2. (Picture of an And Other Stories reading group meeting in Berlin)
The AOS reading groups project is an example of collaborative reading enabled by the internet. We read (in our case) German-language books with a view to recommending one of them for translation and publication by AOS. Of course the internet has brought together the otherwise isolated English-speaking freaks interested in and capable of reading foreign-language writing, and here we're trying to harness that by crowdsourcing the book selection process, if you like. You can read more about the nitty-gritty in Amanda DaMarco's article for PP. Essentially though, in a first attempt via LibraryThing we found that a purely digital discussion didn't work for us – no conversation ensued, people felt no pressure to read the books and so comparisons didn't work. What did work was a mix of real-life meetings in Berlin and London, partially linked via Skype, and internet comments on the individual titles via the website. And of course digital reading is ideal as pdfs or epubs remove the difficulties of distributing books to the ten to twenty people involved.

Other examples that fit my definition of collaborative reading are pepysdiary.com and tailoredtexts.com, where readers help each other to understand difficult (foreign-language) texts via virtual margin notes.

3. (Picture of 50 Shades cover)
The British Centre for Literary Translation is also now testing out a platform for collaborative translation via newwriting.net. And for me, translation is an act of reading, interpreting and re-rendering. It's difficult to do as a group, but it is possible and can be very rewarding. That formula of reading/watching, interpreting and re-rendering also applies to fan fiction à la 50 Shades.

4. (Picture of China Miéville)
At the Edinburgh World Writers' Conference, China Miéville picked up that fanfiction topic in his talk on the future of the novel. He spoke about books becoming less closed than ever, with readers being able to take an active approach to them. Two quotes: "Anyone who wants to shove their hands into a book and grub about in its innards, add to and subtract from it, and pass it on, will, in this age of distributed text, be able to do so without much difficulty, and some are already starting." ... and ... "The worst anxiety is not that the interfering public will ruin your work if they muck about with it, or that they'll write a terrible novel, but that they'll improve it, or write a great one. And once in a rare while, some of them will. How wonderful that will be."
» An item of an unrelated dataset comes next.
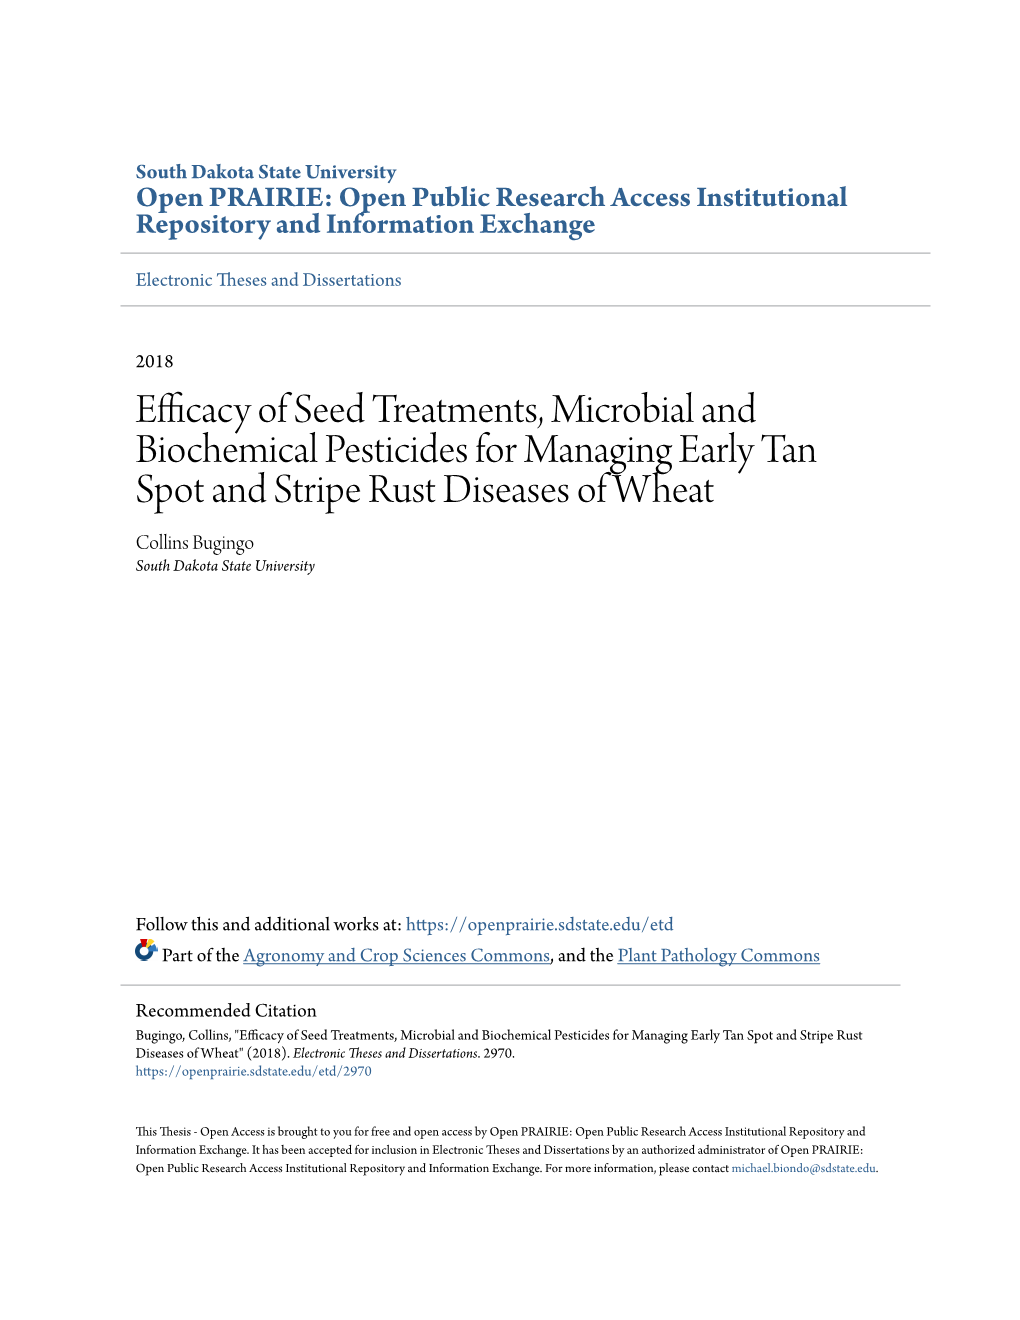 Efficacy of Seed Treatments, Microbial and Biochemical Pesticides for Managing Early Tan Spot and Stripe Rust Diseases of Wheat

5. (Picture of Star Trek communicator)
I think China Miéville's "fanfication of fiction" - besides being a tongue-twister that gets very embarrassing in a room full of German-speakers - is a phenomenon still very much in China Miéville's head, but I do hope that life will imitate fiction, rather in the way that mobile phones were developed and designed partly to help us imitate Captain Kirk. What I hope is that through collaborative reading, translation and writing processes, we as readers can get creatively involved with texts and arrive at even greater diversity in the literary world.